As for rape – again, this is a community with lots of young men and few single women. They come from one of the extremely poor, desolate, war-torn countries of Africa, a continent where sexual violence is a widespread plague.

Add all this up, and what do you get? Not that all African refugees in Israel are criminals or rapists, nor that most of them are, nor that a lot of them are, certainly not if we’re talking about serious violent crime like rape or aggravated assault or murder. No one except a psychotic racist would deny that the overwhelming majority of Africans here are law-abiding.

But if you take the crime rate, including the violent crime rate, including the rape rate, among 10,000 random African refugees here and compare it to the rate among 10,000 random Israelis, would it be higher? Given the community’s profile, I would be surprised if it wasn’t, despite the past police statistics Rozen quotes that showed it to be actually much lower.

No, I think the Israelis in South Tel Aviv have more than just a “subjective” reason to be afraid of refugees.

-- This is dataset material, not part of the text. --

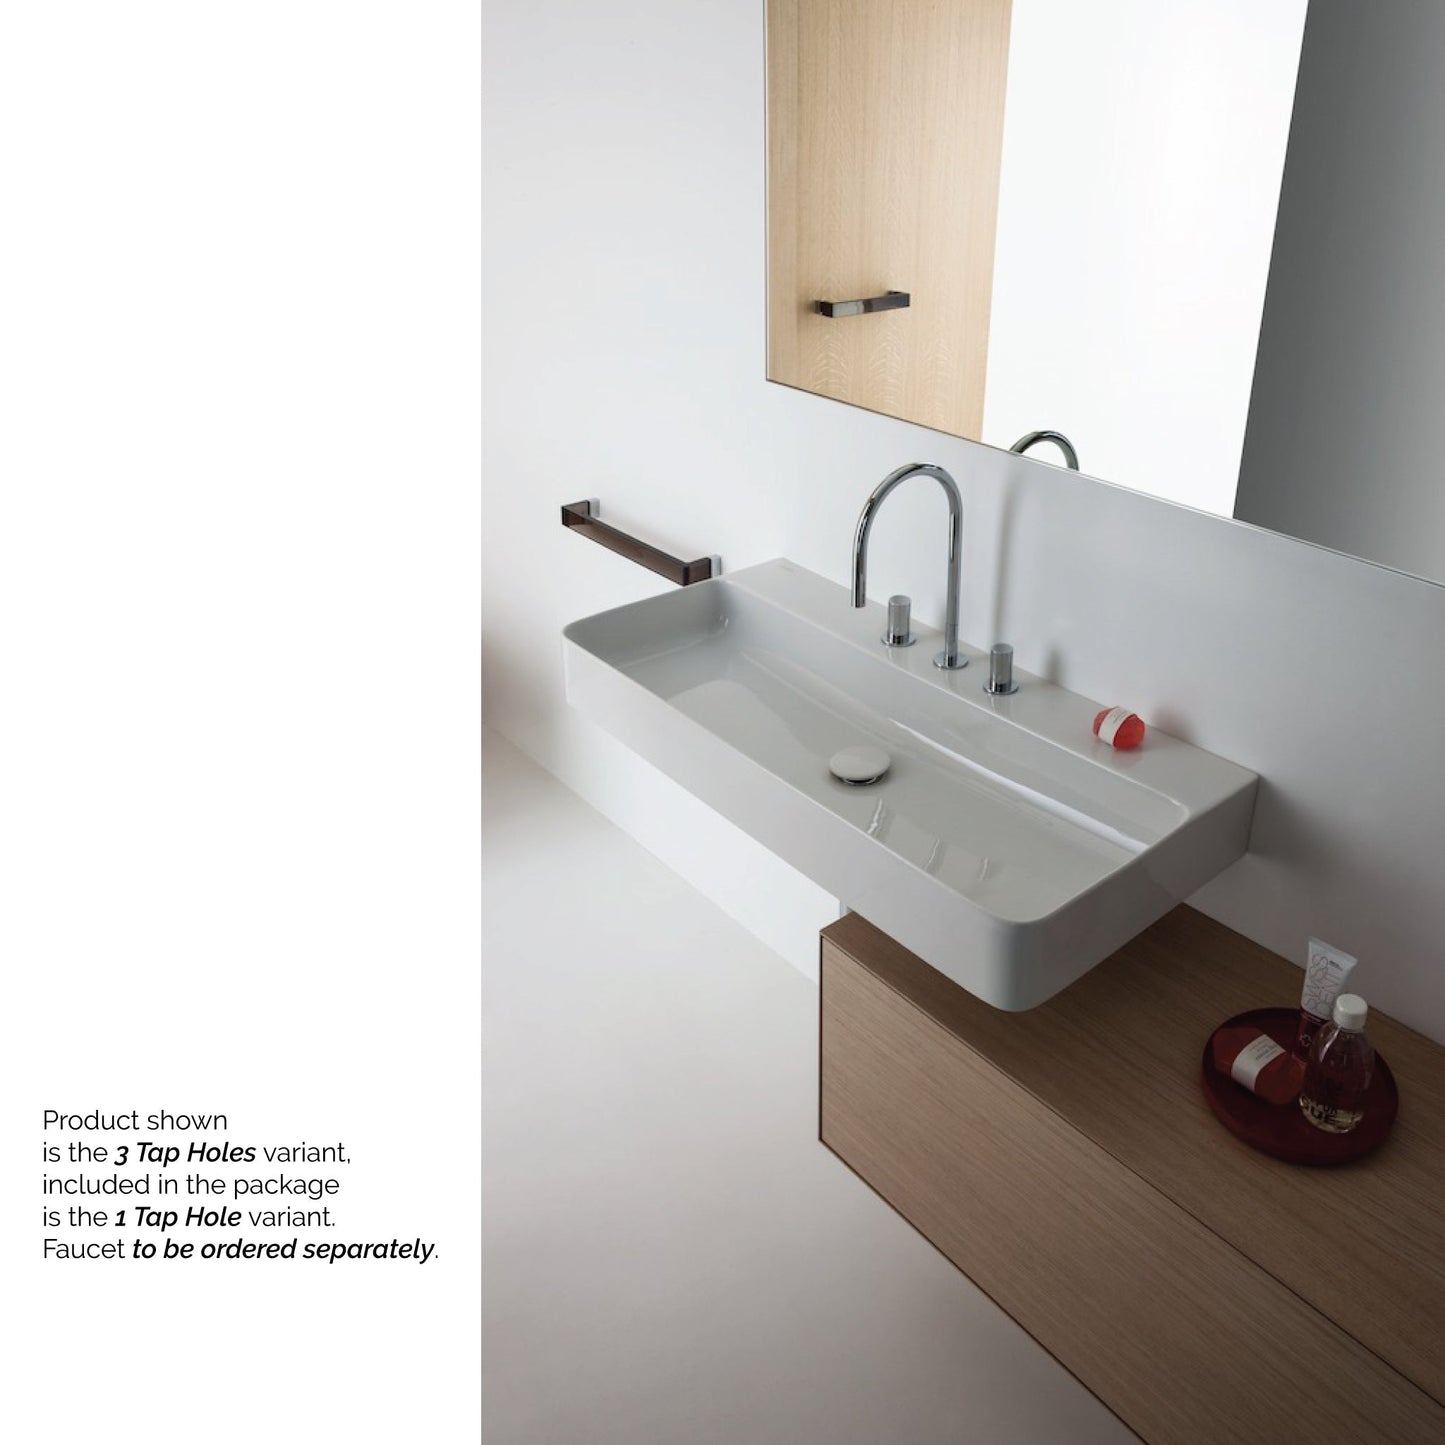 Laufen Val 30" x 17" White Ceramic Wall-Mounted Bathroom Sink With Faucet Hole

On one hand, I have no doubt they exaggerate the danger greatly; I’ve heard loads of generalities from a couple of dozen residents, but no personal experiences of being assaulted by refugees, nor even second-hand accounts. (Again, though, I’ve only talked to a couple dozen people about this.)

On the other hand, I don’t think the people in South Tel Aviv, Eilat, Arad, Ashdod and Ashkelon have made the whole thing up out of nothing but color prejudice; I don’t think the police’s latest statistics are completely made up, either; and if African refugees in Israel have a relatively high rate of violent crime, including sexual violence, I would find it the most natural thing in the world, given where they come from, what they’ve lived through and the way they’re living now.

If there were only thousands of them here, they could be treated strictly as humanitarian cases and “adopted” by kibbutzim and moshavim like many were in the beginning; they could work and go to school and be assimilated and get married and have families and become Israelis. But with at least 60,000 here and 2,000 to 3,000 more arriving monthly, all of them crowding into a few neighborhoods of poor, conservative, frightened Jews, they are a threat to the fabric of this society. Given their numbers, there’s a limit to how much compassion Israel can show them. At this point, we have to worry about our own first.